Forst hat die bemerkenswerte Fähigkeit, das manchmal so sperrige Terrain der politischen Philosophie auch für ein Publikum außerhalb des Wissenschaftsbetriebs nicht nur gangbar, sondern spannend zu machen. Wie das gelingt – auch darüber denkt er nach. Genauso über Freiheit und Gerechtigkeit, über Toleranz und Teilhabe, über Rechte und Prinzipien. Und gelegentlich auch darüber, wie das nächste Heimspiel der Eintracht Frankfurt in den meist übervollen Terminkalender passt.

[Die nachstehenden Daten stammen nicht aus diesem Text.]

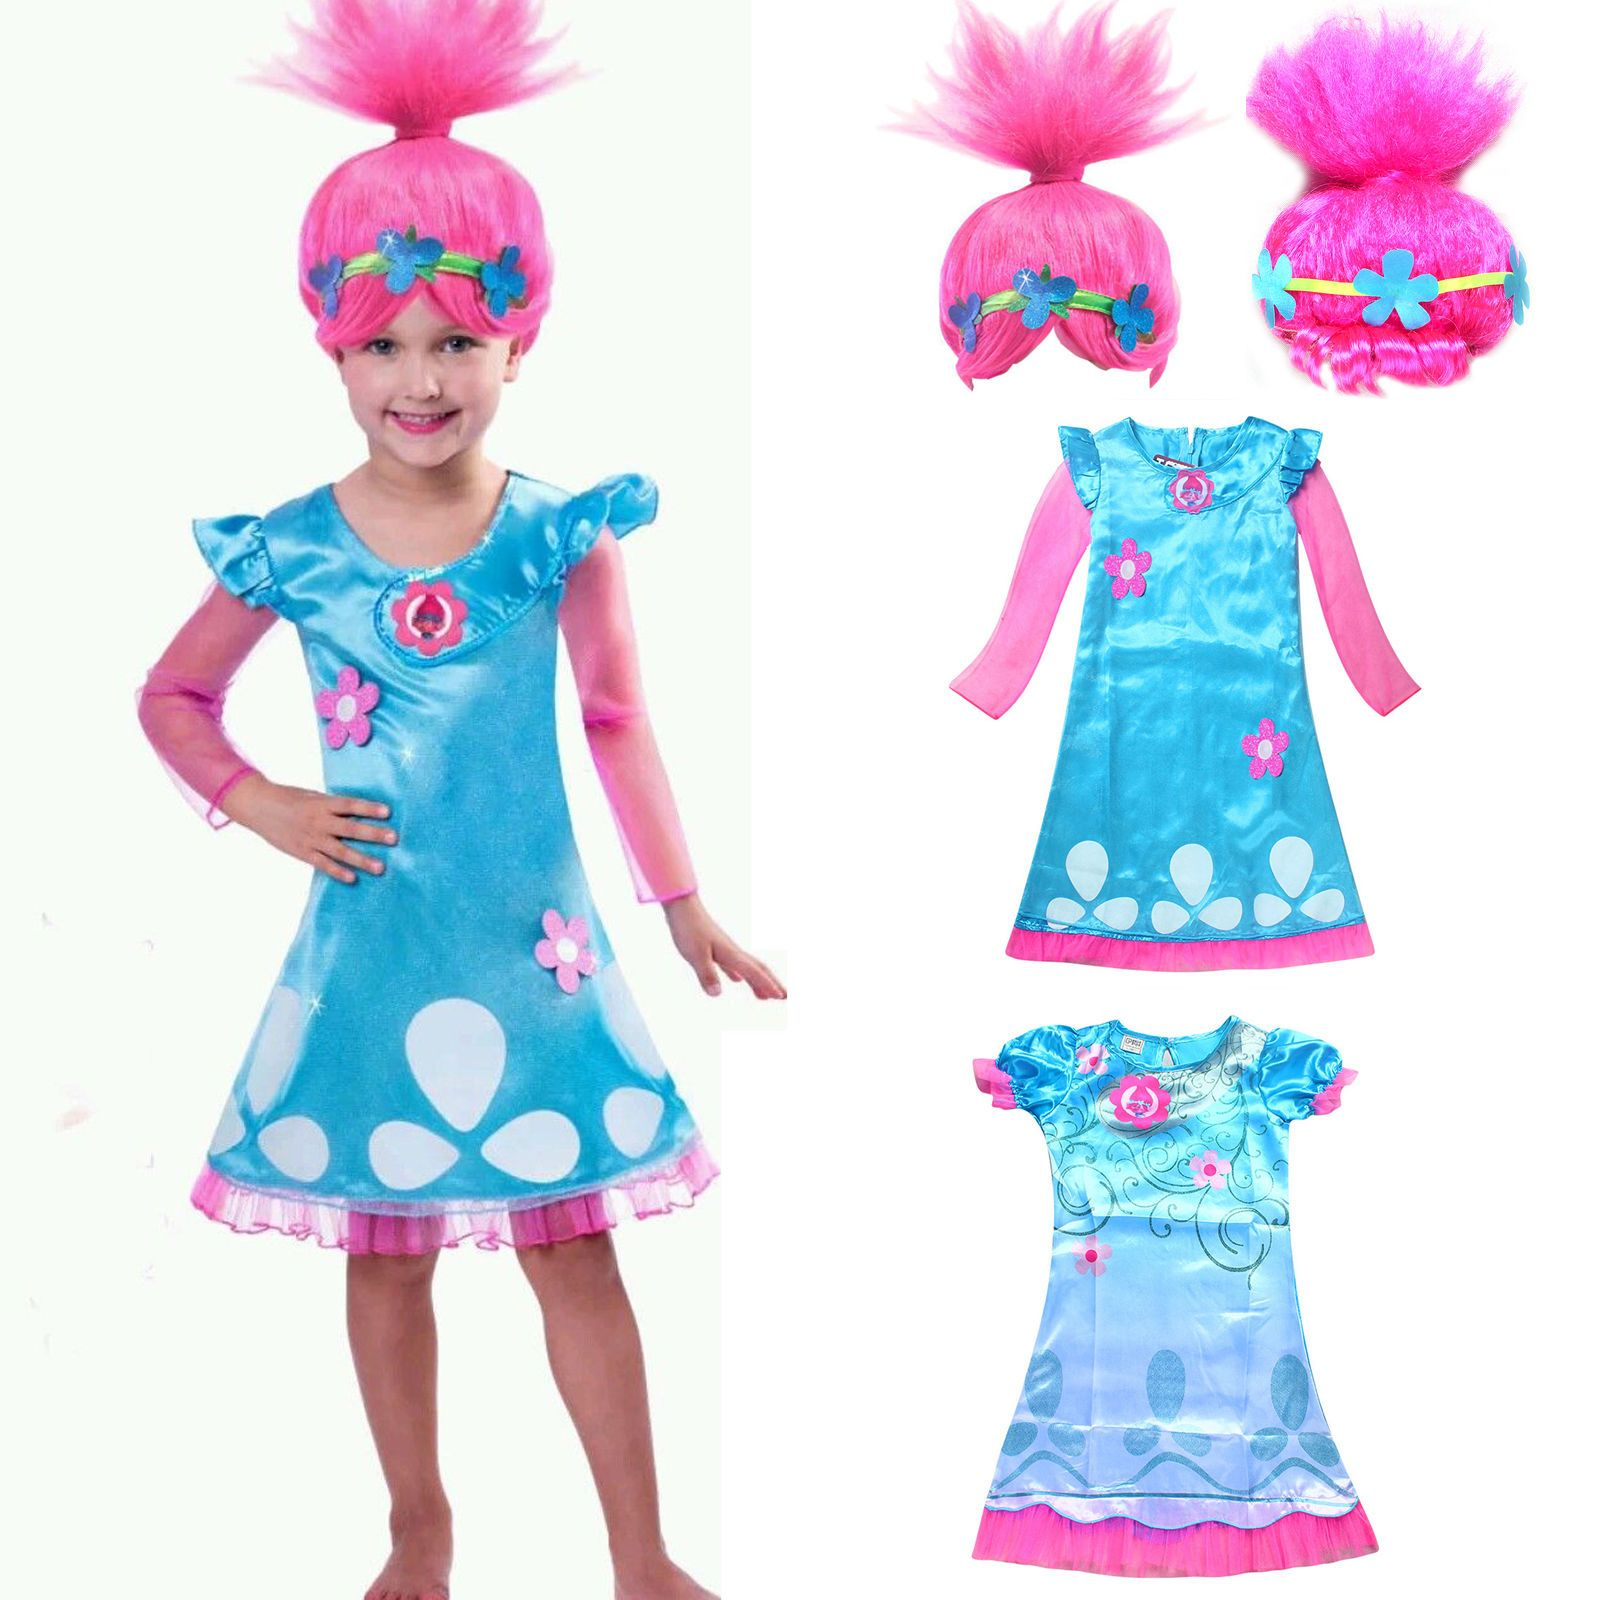 Toddler Kid Girl Wig Trolls Poppy Fancy Dress Costume Cosplay Party ...

„Wann immer es geht, treffe ich mich mit meinem Sohn im Stadion“, sagt er. Forst, ein großer Fan, mit dem entsprechenden Erregungsniveau und selbstverständlich im Besitz einer Dauerkarte, erzählt, wie er als Kind davon träumte, Fußballstar zu werden. Damals, in Niederseelbach im Taunus, wo er mit einer älteren Schwester als Sohn eines Schmiedemeisters und einer Sekretärin aufwuchs. „Ich war ein typisches Siebziger-Jahre-Bildungsreform-Kind. Der Erste aus der Familie, der aufs Gymnasium ging.“

Wissenshungrig und neugierig

Mit sechzehn, mitten in den hochpolitisierten Achtzigerjahren, wird er von der Friedens- und Ökologiebewegung zu den großen Fragen des Lebens gebracht. „Wenn man sich für eine gerechtere Gesellschaft engagiert, was bedeutet das dann eigentlich genau? Die Frage beschäftigt mich bis heute“, sagt er. Logische Konsequenz damals: Er liest die Frankfurter Schule und Bloch. Und beginnt, nach dem Zivildienst in einer Schule für behinderte Kinder, Philosophie, Politikwissenschaften und Amerikanistik zu studieren. In Frankfurt, aber auch in New York. Gefördert von Stipendien und vom Vertrauen seiner Eltern.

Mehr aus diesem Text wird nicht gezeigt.